Professor Chris Thomale, University of Vienna and Roma Tre University, has kindly provided us with his thoughts on the recent EP Draft Report on corporate due diligence and corporate accountability.
In recent years, debate on Corporate Social Responsibility (CSR) has picked up speed, finally reaching the EU. The Draft Report first and foremost contains a draft Directive on corporate due diligence and corporate accountability, which seems a logical step ahead from the status quo developed since 2014, which so far only consists of reporting obligations (see the Non-Financial Reporting Directive) and sector specific due diligence (see the Regulations on Timber and Conflict Minerals). The date itself speaks volumes: Precisely, to the very day (!), 8 years after the devastating fire in the factory of Ali Enterprises in Pakistan, which attracted much international attention through its follow-up litigation against the KiK company in Germany, the EU is taking the initiative to coordinate Member State national action plans as required under the Ruggie Principles. Much could be said about this new Directive in terms of company law and business law: The balancing exercise of on the one hand, assuring effective transparency of due diligence strategies and, on the other hand, avoiding overregulation in particular with regard to SMEs still appears somewhat rough and ready and hence should see some refinement in due course. The same applies to the private enforcement of those due diligence duties: By leaving the availability and degree of private enforcement entirely to the Member States (Art. 20), the Directive seems to gloss over one of the most pressing topics of comparative legal debate. The question of availability, conditions and extent of private liability imposed on parent companies for human rights violations committed in their value chains abroad, must be addressed by the EU eventually.

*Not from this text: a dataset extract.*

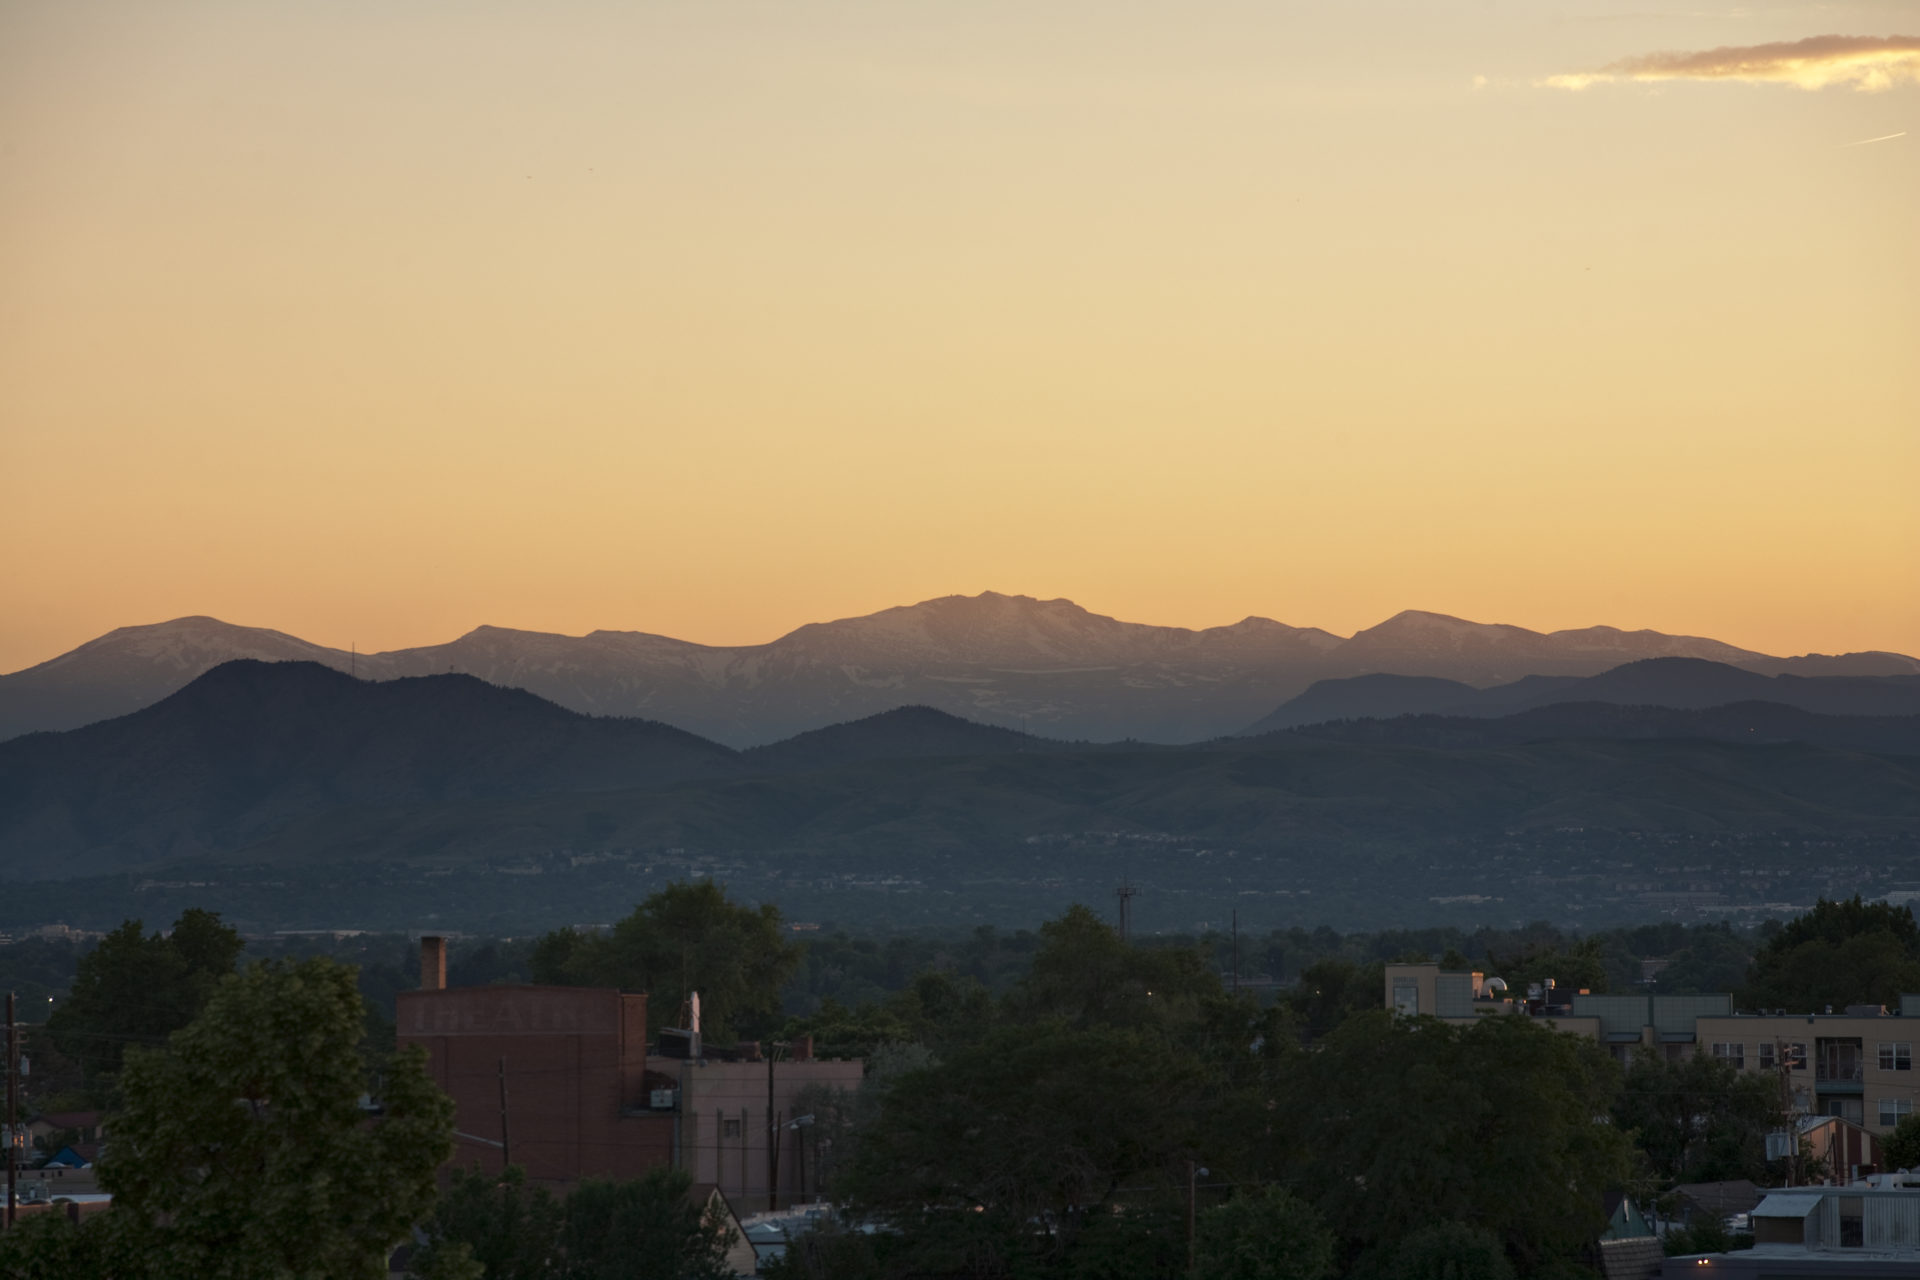 Mount Evans sunset - June 22, 2011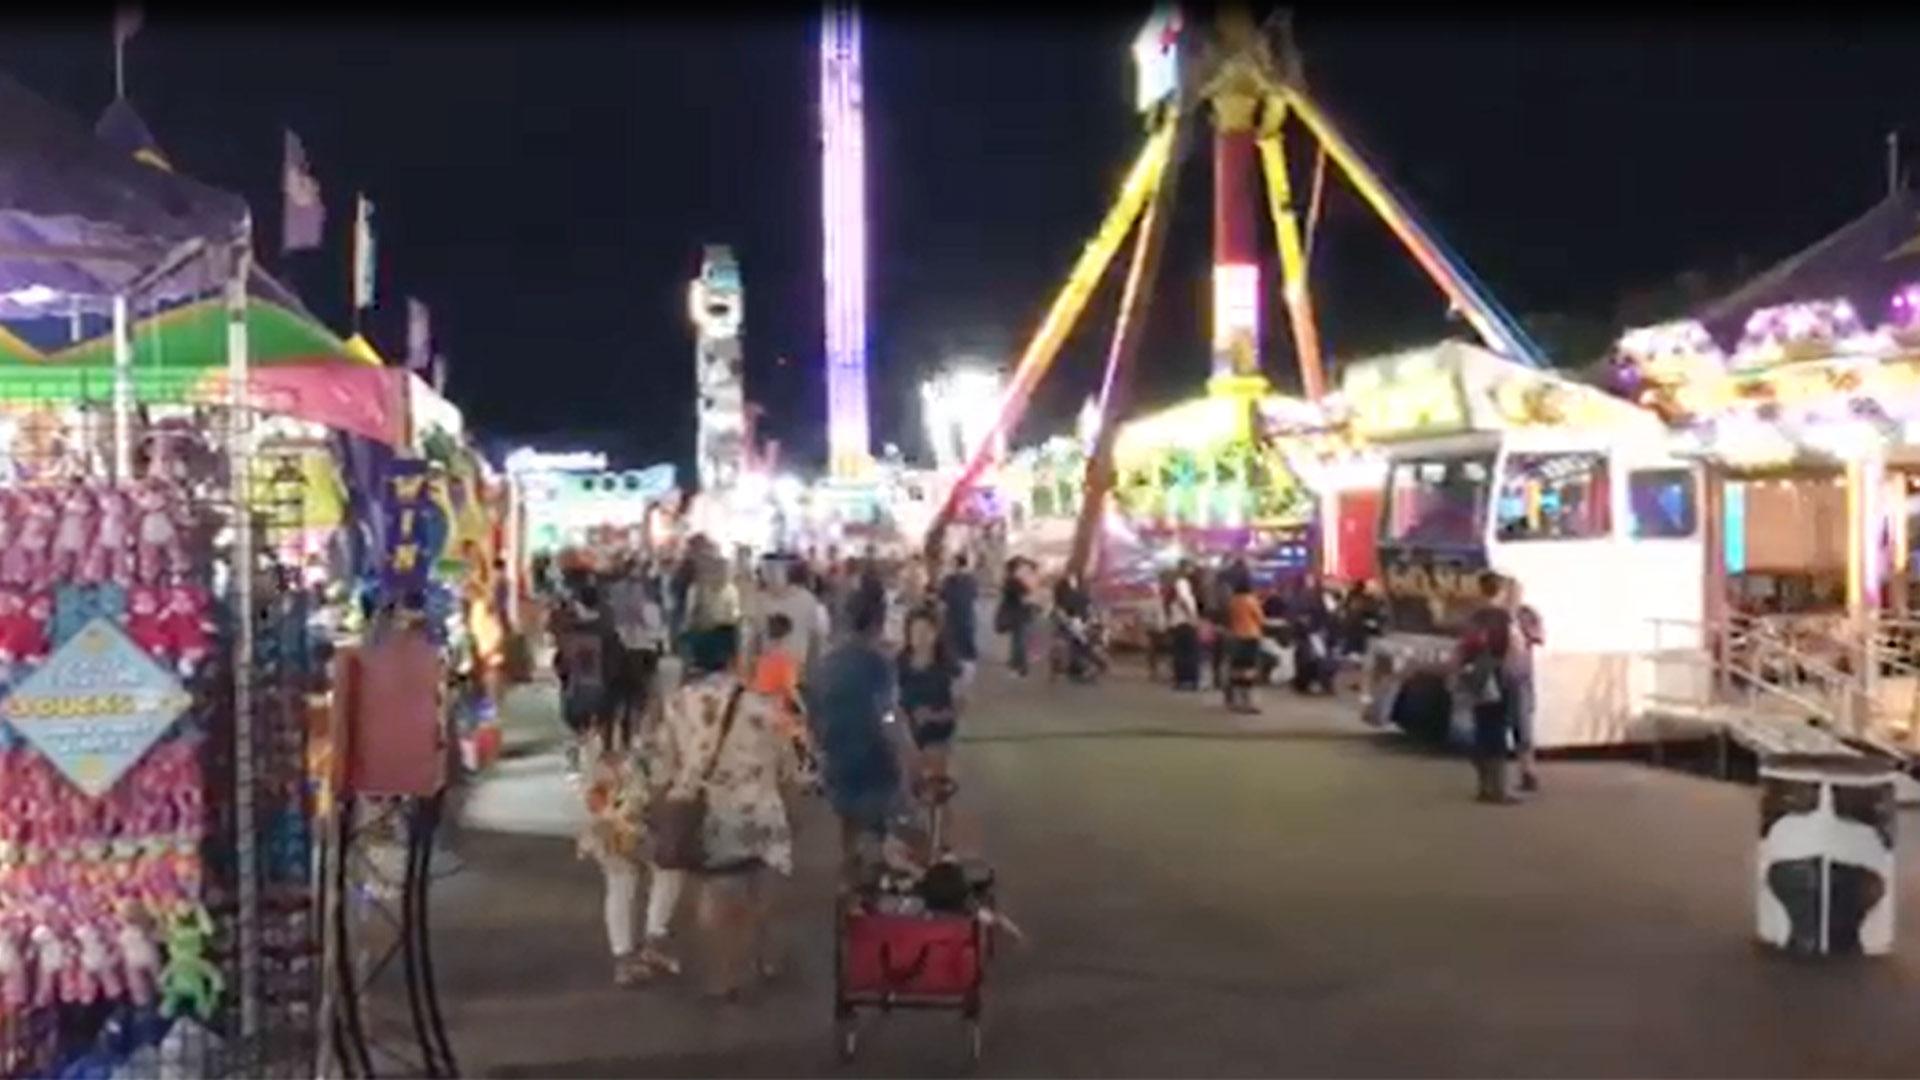 KELO South Dakota State Fair 2018

To this forum, however, the private international implications of the Draft Report would appear even more important:
As regards the conflicts of laws solution, the proposed Art. 6a Rome II Regulation seeks to make available, at the claimant’s choice, several substantive laws as conveniently summarized by Geert van Calster in the terms of lex loci damni, lex loci delicti commissi, lex loci incorporationis and lex loci activitatis. Despite my continuous call for a choice between the first two de regulatione lata, to be reached by applying a purposive reading of Art. 4 para 1 and 3 Rome II (see JZ 2017 and ZGR 2017), the latter two, lex loci incorporationis and lex loci activitatis, seem very odd to me. First, they are supported, to my humble knowledge, by no existing Private International Law Code or judicial practice. Second, the lex loci incorporationis has no convincing rationale, why it should in any way be connected with the legal relationship as created by the corporate perpetrator’s tort. Lex loci activitatis is excessively vague and will create threshold questions as well as legal uncertainty. Third, I would most emphatically concur with Jan von Hein’s opinion of a quadrupled choice being excessive and impractical in and of itself.
The solution proposed in terms of international jurisdiction, I will readily admit, looks puzzling to me. I fail to see, which cases the proposed Art. 8 para 5 Brussels Ibis Regulation is supposed to cover: As far as international jurisdiction is awarded to the courts of the “Member State where it has its domicile”, this adds nothing to Art. 4, 63 Brussels Ibis Regulation. In fact, it will create unnecessary confusion as to whether this venue of general jurisdiction is good even when there is no “damage caused in a third country [which] can be imputed to a subsidiary or another undertaking with which the parent company has a business relationship.” Thus, we are left with the courts of “a Member State […] in which [the undertaking] operates.” As already pointed out, this term itself will trigger a lot of controversy regarding certain threshold issues. But there is more: Oftentimes this locus activitatis will coincide with the locus delicti commissi, e.g., when claimants want to rely on an omission of oversight by the European parent company. In that case, Art. 7 No. 2 Brussels Ibis Regulation offers a venue at the very place, i.e. both in terms of international and local jurisdiction, where that omission was committed. How does the new rule relate to the old one? And, again, which cases exactly are supposed to be captured by this provision? In my view, this is a phantom paragraph that, if anything, can only do harm to the fragile semantic and systematic architecture built up by the Brussels Ibis Regulation and CJEU case law.
The same seems true of the proposed Art. 26a Brussels Ibis: First, there is no evident need for such a forum necessitatis, rendering Member State courts competent to hear foreign-cubed cases with no connection to the EU whatsoever. To the contrary, recent development of the US Alien Torts Statute point in the opposite direction. Second, the EU might be overreaching its legislative jurisdiction: Brussels Ibis Regulation is based on the EU’s competence to legislate on judicial cooperation in civil matters (Art. 81 para 2 TFEU). Such a global long-arm statute may not be covered by that competence, if it is legal at all under the public international confines incumbent upon civil jurisdiction (for details, see here). Third, it will be virtually anybody’s guess what a court seized with a politicised and likely emotional case like the ones we are talking about will deem a “reasonable” Third State venue. In fact, this would be a forum non conveniens test with inverted colours, i.e. the very test the CJEU, in 2005, deemed irreconcilable with the exigencies of foreseeability and legal certainty within the Brussels Ibis Regulation.